Help a mama out and respond anonymously on our forum. Am I the problem like my boyfriend says, or I am manipulated and treated like crap by a narcissist
In a word, leave. Is that the example you want for your kid? That is so NOT healthy at all. That is manipulative behavior and he’s gaslighting you. He is a narcissist. I think you know that, which is why you said it. Girl GET OUT!!! Life can be so much better than that…
I have started over with just cloths on my back. It can be done! Cut him out, move on! You can be a better person without him!
If your best friend or little sister read this to you out loud as if it was her, what would you say? You deserve better? Don’t let someone treat you like that! Time to let go. Take your own advice.
Also this is not the way you want your children to see you being treated and grow up to treat someone that way or allow themselves to be treated.
It will be hard but it will be better.
Yes, he is a narcissist! I think u know what to do, but it’s scary for u- which I get! However, u do not want to show your kids how a relationship like this is! You need to leave or better yet make him leave! You have a baby on the way and don’t need his bullsh*t! Good luck!
Take the children & run for the hills!!! He won’t change and you & your kids deserve better. I left a relationship similar to this a year ago when my daughter was 1. Restarting is hard, but I can be done, and you will make it!!
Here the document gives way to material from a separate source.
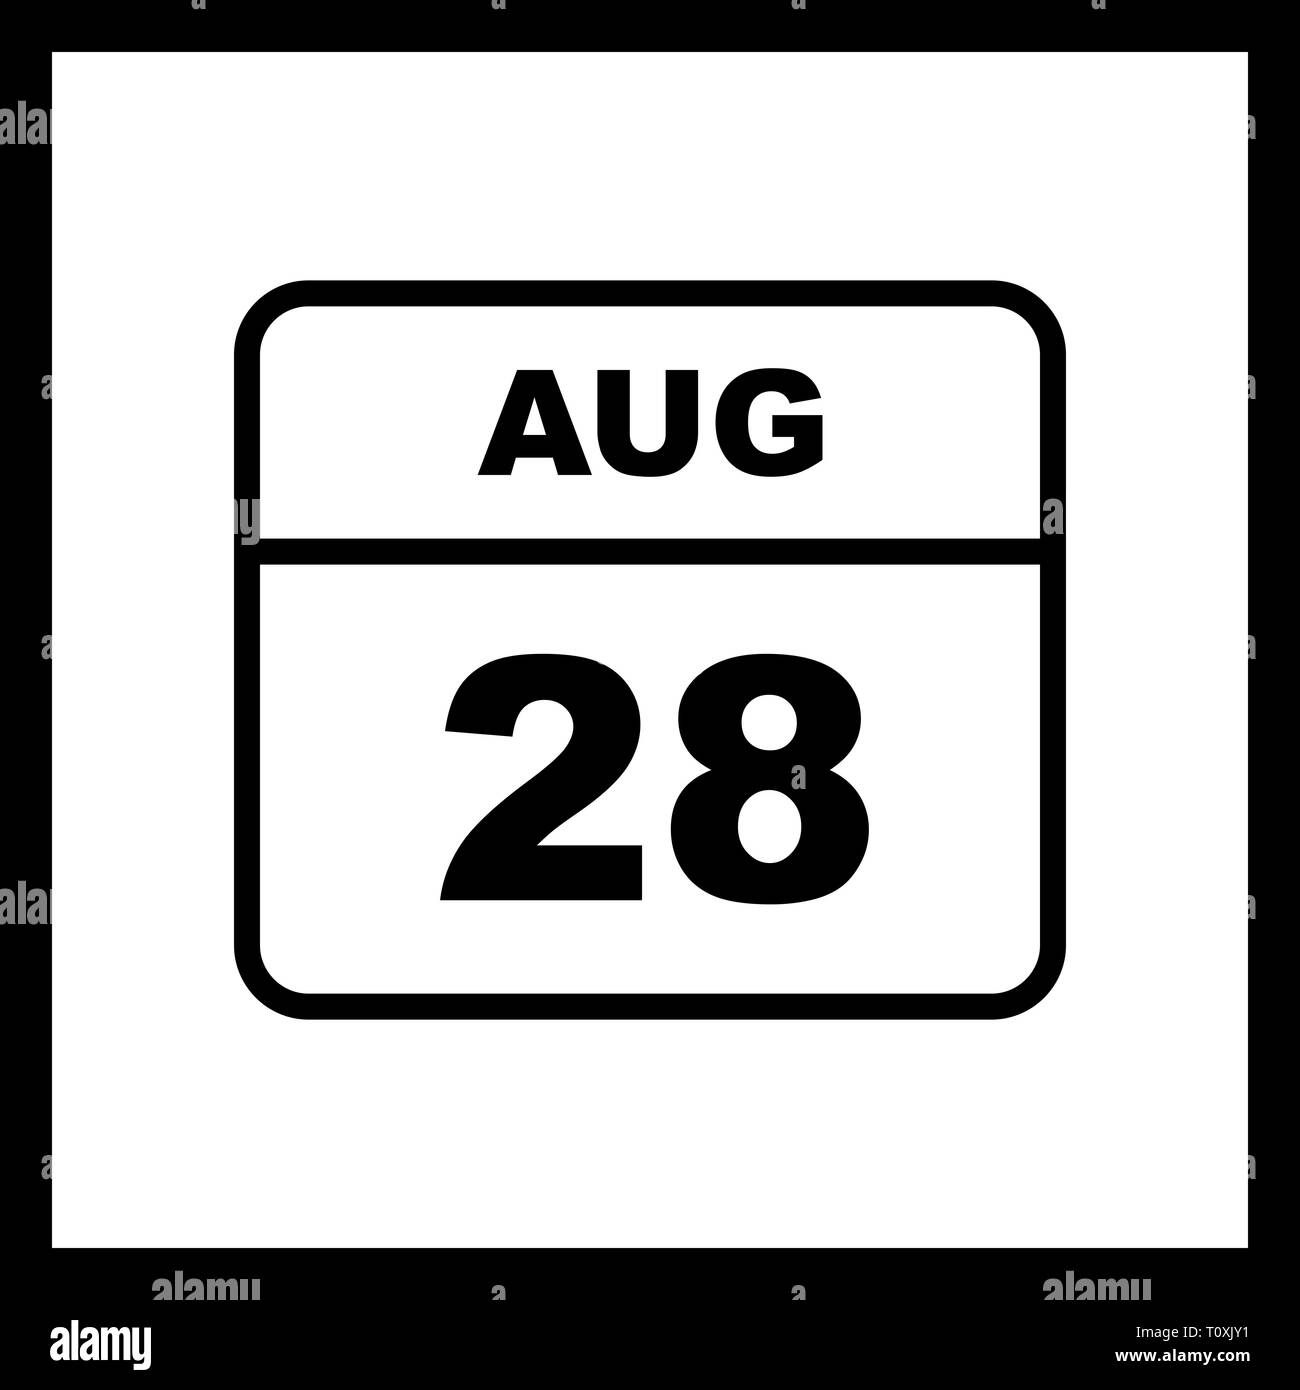 August 28th Date on a Single Day Calendar Stock Photo Alamy
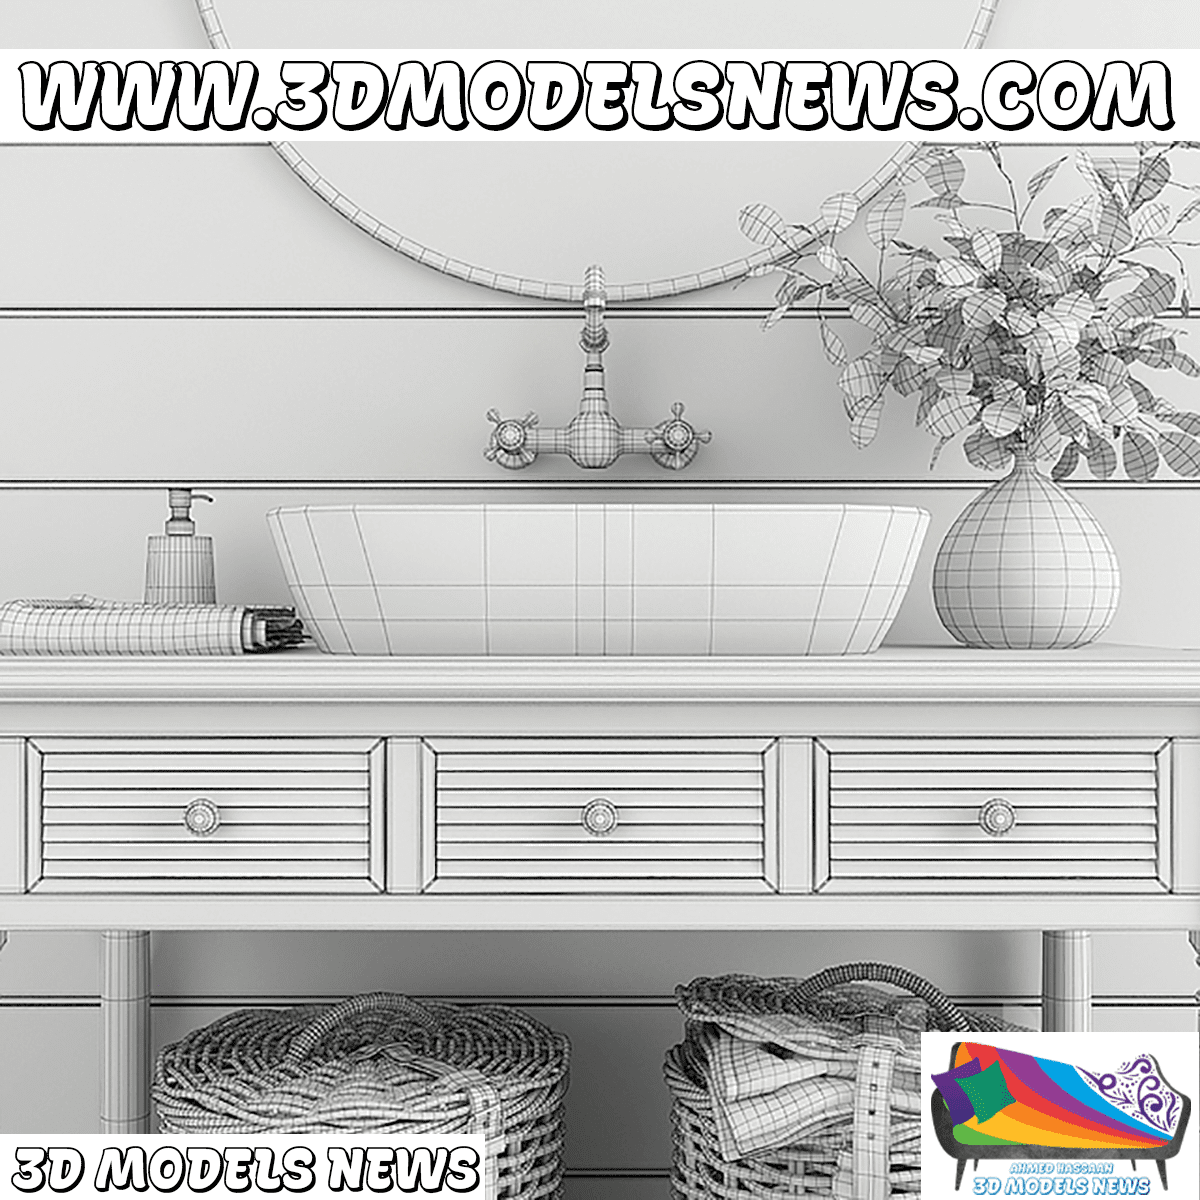 Modern console with basin style mirror and bathroom decor 2

He’s definitely a narcissist. He can’t stand you and his parents think you’re the devil?! LOL! Makes you wonder what kind of stories he’s been putting in their heads. Leave. Don’t ever take him back! Your kids do. Not. Need. To. Experience. This kind of behavior. Otherwise they might think that it’s alright to treat others that way.
Find a way out ; fast! He will wear you down to a lonely, depressed, and alone. Ask yourself , If I’m going to be lonely , would I rather be alone?
Here’s my thing with nagging. You wouldnt have to nag if they did their part. Cause let’s be real we dont like to nag either. Its stressful to have to ask for help all the time. Especially when someone isnt pulling their weight. Set clear expectations and if the other person cant met those expectations then nagging happens. It’s a never ending cycle. If the person isnt willing to do their part to change then a person might feel like nagging is their only resort to get stuff done. Even if it works or not. It’s an cry for help really. A relationship takes two people working towards the same goal. If one person doesnt want to do their part things wont change. So if youre stuck in a cycle of this happening you might want to ask yourself if youre willing to except things for the way they are or make a big change yourself.
You already know the answer if your asking the question. It’s time to move him out for good, he isn’t going to change.
It’s like I’m reading my own relationship story…girl, leave him. I should’ve done it years ago.
Do you want your children to strive for a relationship like yours? If not, leave. You’re showing them this is what “love” is.
You already know the answer. Move on.
Throw the man away, well I should boy
He sounds like a narcissist to me!
Run-fast!!! A tiger can’t change its stripes!!!
You’re exhausted and overwhelmed. Resentful even. He isn’t even putting in 50%. That’s not how relationships work. If you can communicate and support each other, grow together, and have a peaceful home, he needs to go. Life is short. You deserve more.
Girl Run! Don’t walk, RUN!
Do whats best for you and your kids…Kick his ass out; and DON’T let him back in!!!
You already know the answer. You’re doing it all on your own anyway so send him packing. He’ll only steal all the joy from you and your children’s lives. If you have had the strength to withstand this abuse, being a single mom won’t be any harder. Love yourself and children enough to let him go. You deserve it! Prayers and blessings!!!
Leaving would be the best thing for you and your little ones. He sounds like my 2 youngest sons father.
You already know what to do,read your own post and it will be Crystal clear.